Quantum simulation for time-dependent Hamiltonians -- with applications to non-autonomous ordinary and partial differential equations

Non-autonomous dynamical systems appear in a very wide range of interesting applications, both in classical and quantum dynamics, where in the latter case it corresponds to having a time-dependent Hamiltonian. However, the quantum simulation of these systems often needs to appeal to rather complicated procedures involving the Dyson series, considerations of time-ordering, requirement of time steps to be discrete and/or requiring multiple measurements and postselection. These procedures are generally much more complicated than the quantum simulation of time-independent Hamiltonians.

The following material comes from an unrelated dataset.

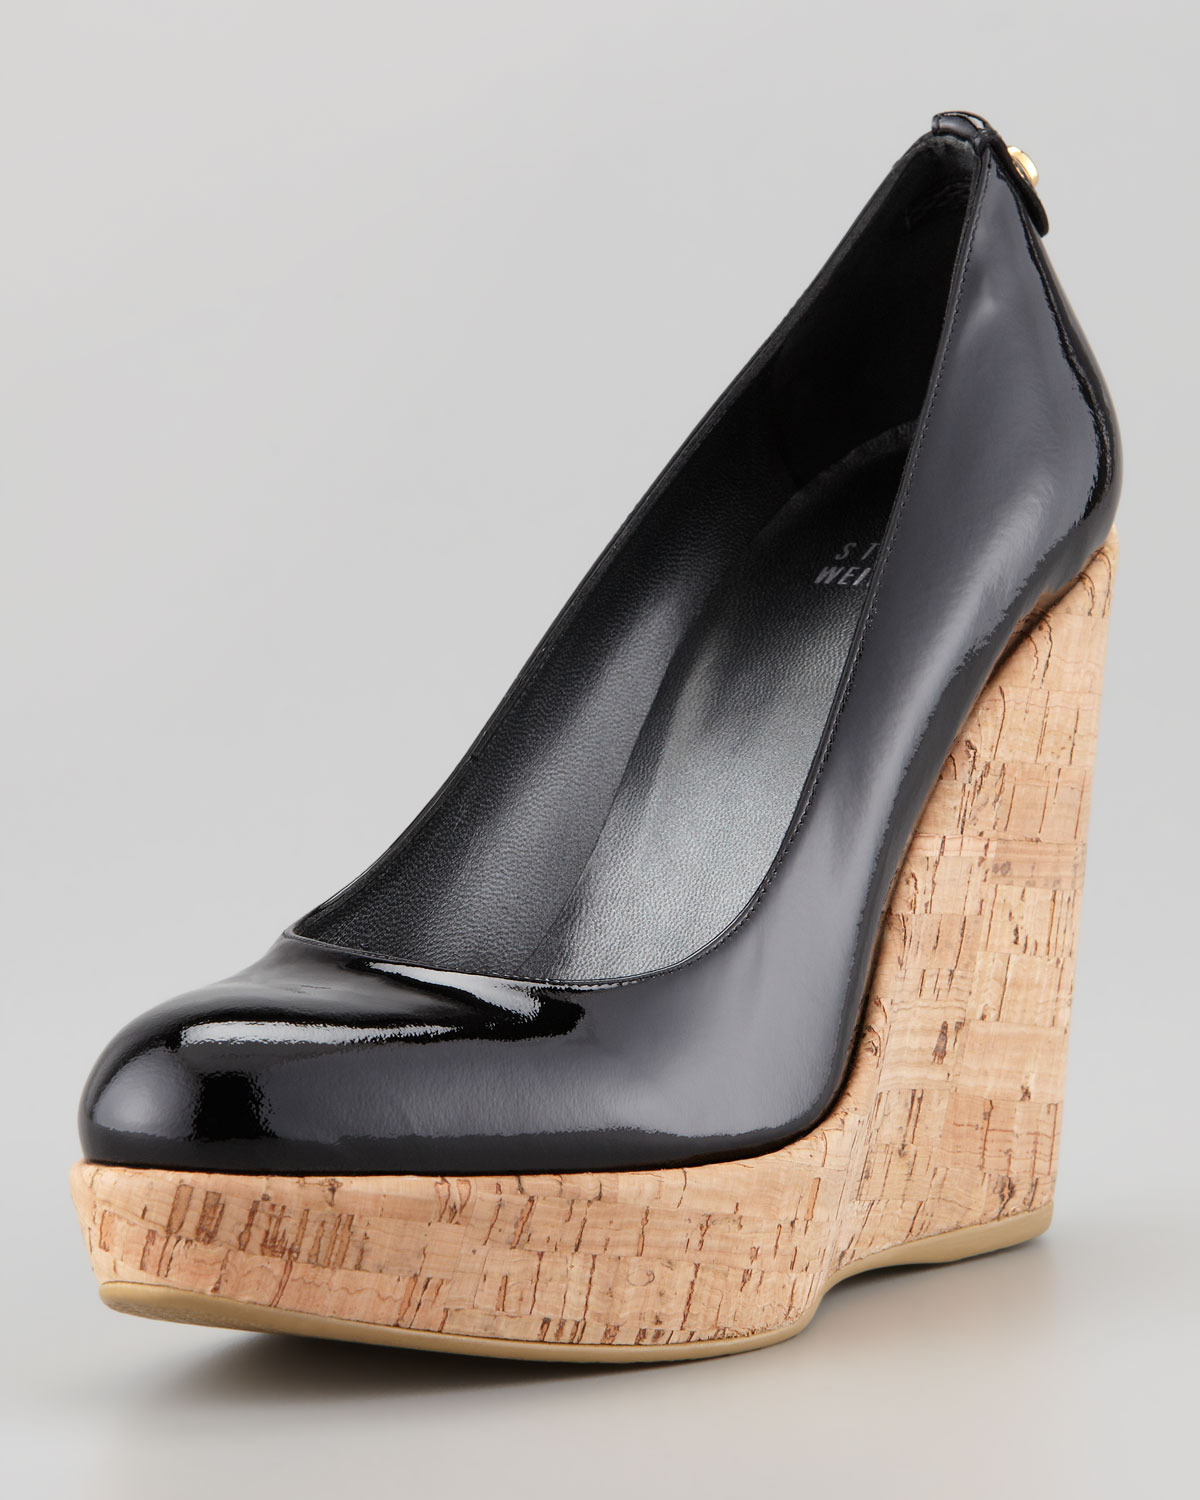 patent leather wedge heels

Here we propose an alternative formalism that turns any non-autonomous unitary dynamical system into an autonomous unitary system, i.e., quantum system with a time-independent Hamiltonian, in one higher dimension, while keeping time continuous. This makes the simulation with time-dependent Hamiltonians not much more difficult than that of time-independent Hamiltonians, and can also be framed in terms of an analogue quantum system evolving continuously in time. We show how our new quantum protocol for time-dependent Hamiltonians can be performed in a resource-efficient way and without measurements, and can be made possible on either continuous-variable, qubit or hybrid systems. Combined with a technique called Schrodingerisation, this dilation technique can be applied to the quantum simulation of any linear ODEs and PDEs, and nonlinear ODEs and certain nonlinear PDEs, with time-dependent coefficients.